These are the key concepts you need to understand to accurately answer the question.

Understanding Potential Energy in Springs
When we talk about potential energy, specifically in the context of a spring, we refer to the stored energy due to its deformation. If a spring is compressed or stretched, it possesses potential energy. This is calculated using Hooke's Law for springs, with the formula: \(PE = \dfrac{1}{2}kx^2\), where
  • \(PE\) is the potential energy,
  • \(k\) is the spring constant, and
  • \(x\) is the displacement from its natural length.
This energy is what allows springs to "spring back" to their original position after being deformed, contributing to various applications like storing energy in a mechanical clock or absorbing shock in vehicle suspensions.
The Role of the Spring Constant
The spring constant, symbolized by \(k\), is a fundamental parameter in understanding a spring's behavior. It measures a spring’s stiffness — essentially, how resistant it is to being deformed.
A larger spring constant means the spring is stiffer, requiring more force to achieve the same displacement as a less stiff spring. The unit for the spring constant is Newton per meter (N/m), signifying how many newtons of force are required to stretch or compress the spring by one meter.
When solving for potential energy, knowing the spring constant is crucial, as it directly influences the magnitude of energy stored when the spring is stretched or compressed.
Why Unit Conversion Matters
Unit conversion is pivotal in physics because it ensures that all calculations are consistent and correct.
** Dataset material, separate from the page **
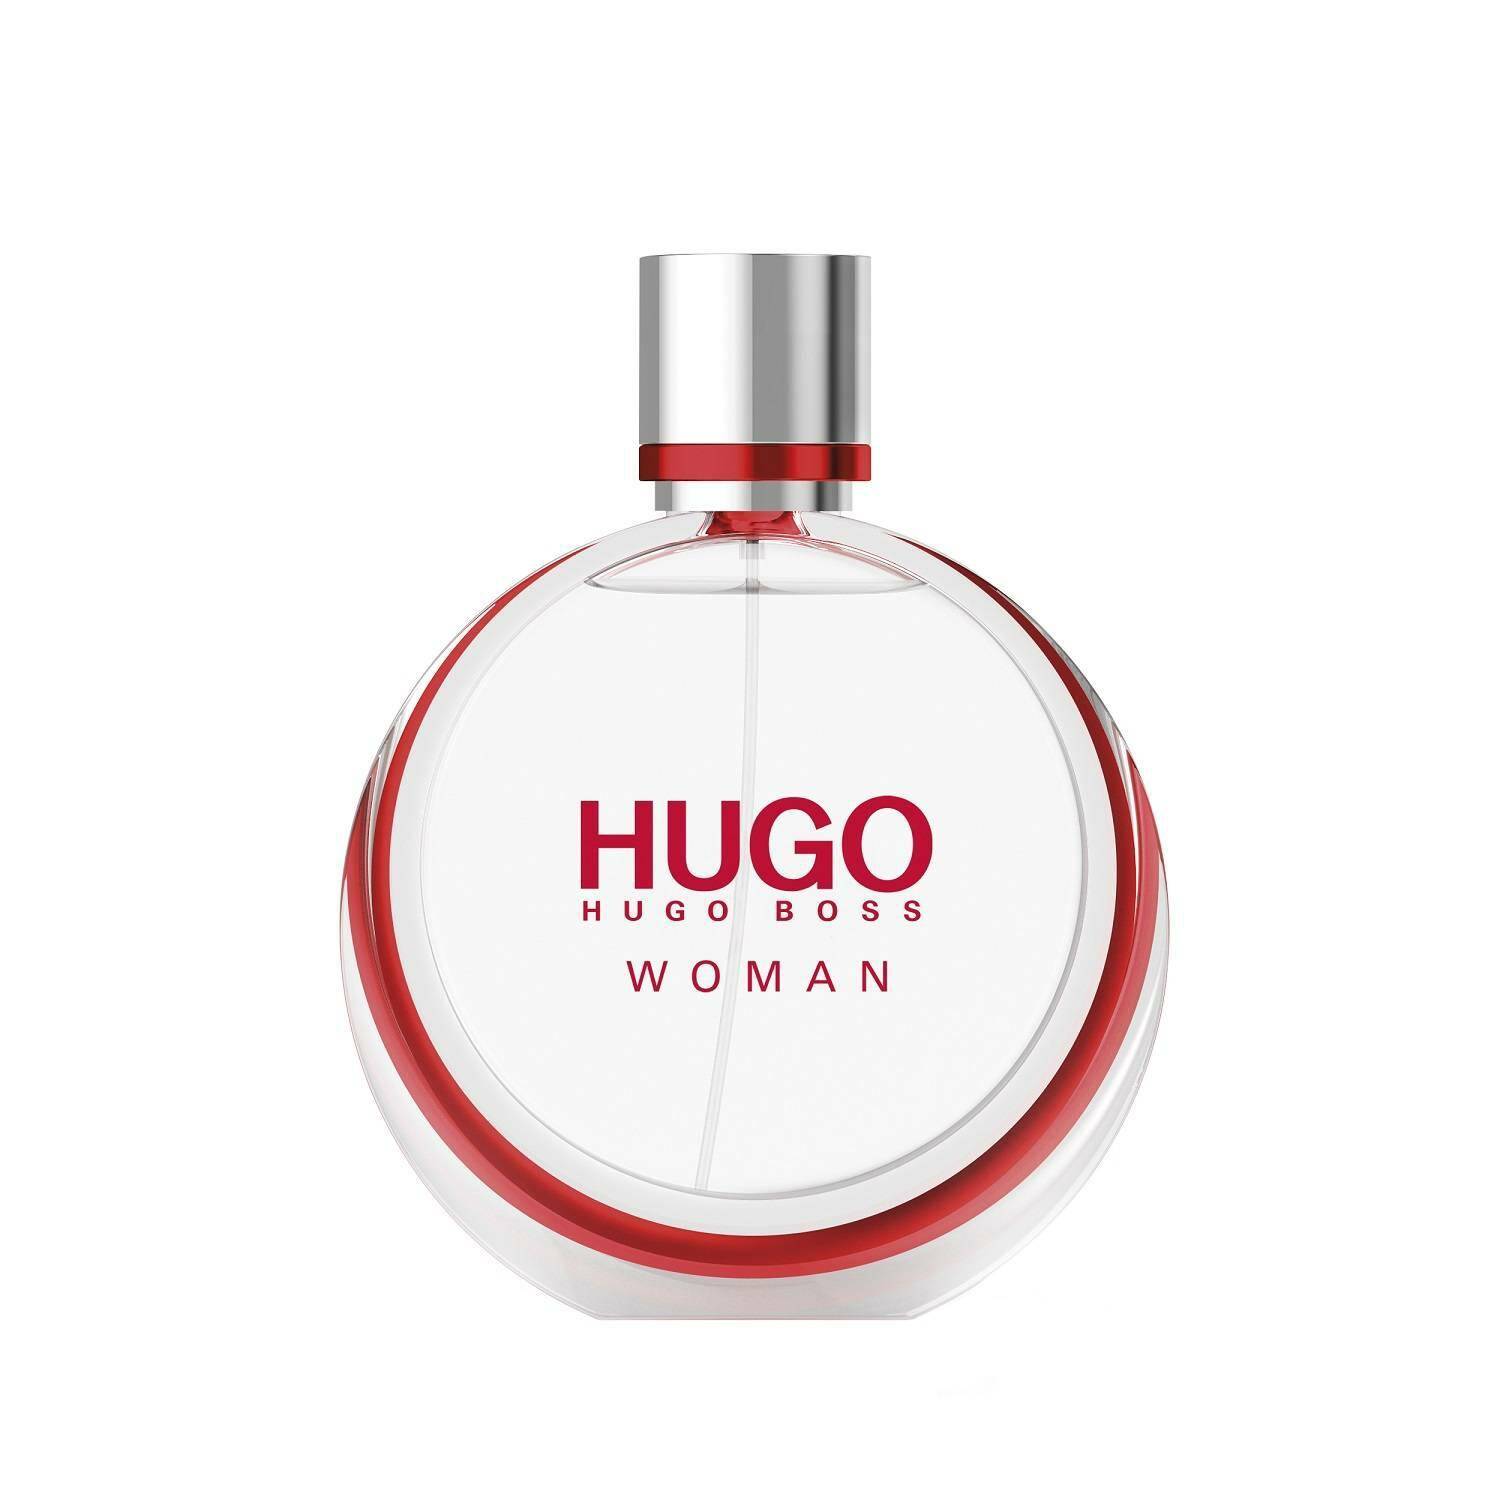 Hugo Boss Woman woda perfumowana 50ml
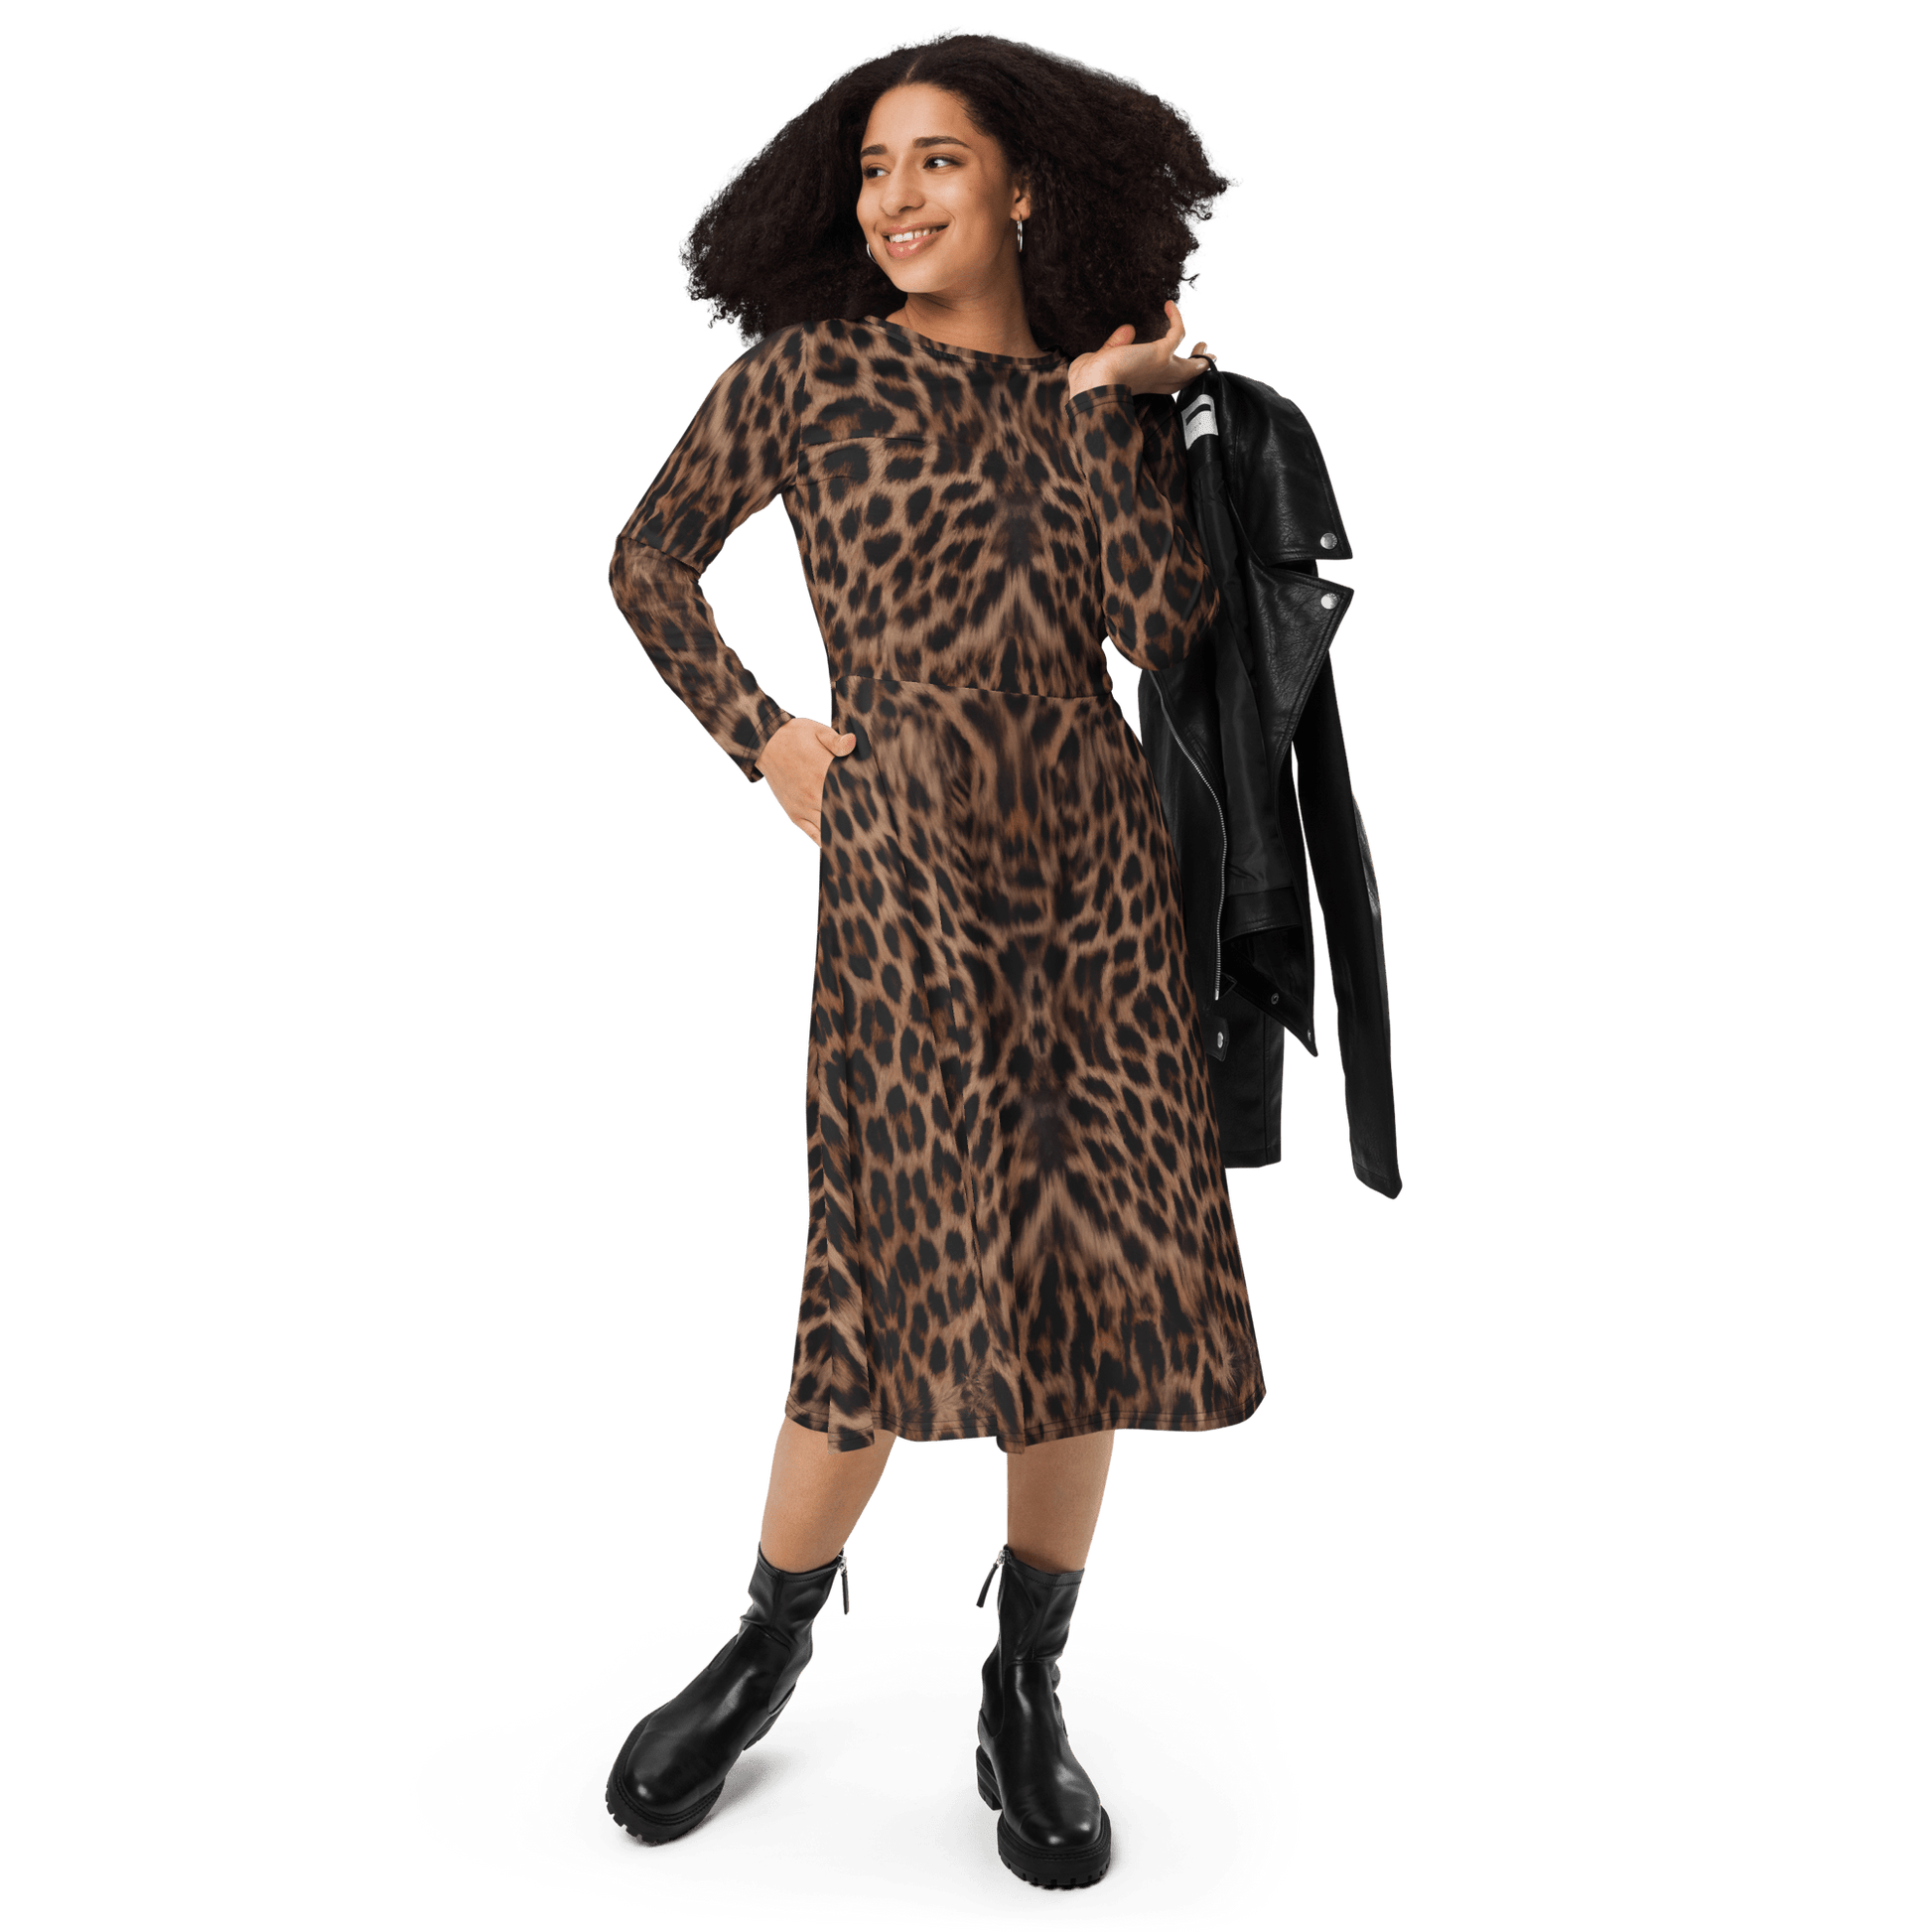 Leopard Forever midi dress - Alfano Dry Goods

In exercises involving springs, it is common for different units to be used, especially for displacement.
For example, in a spring problem with a spring constant in \(N/m\), displacement should be converted to meters to maintain consistency.
  • Converting units ensures that the calculations are valid and the formula can be applied accurately.
  • A common conversion factor is converting centimeters to meters, where 1 cm equals 0.01 m.
Therefore, before applying Hooke’s Law, always double-check that your units match those of the spring constant, as seen in this exercise where 1.0 cm was converted to 0.01 m.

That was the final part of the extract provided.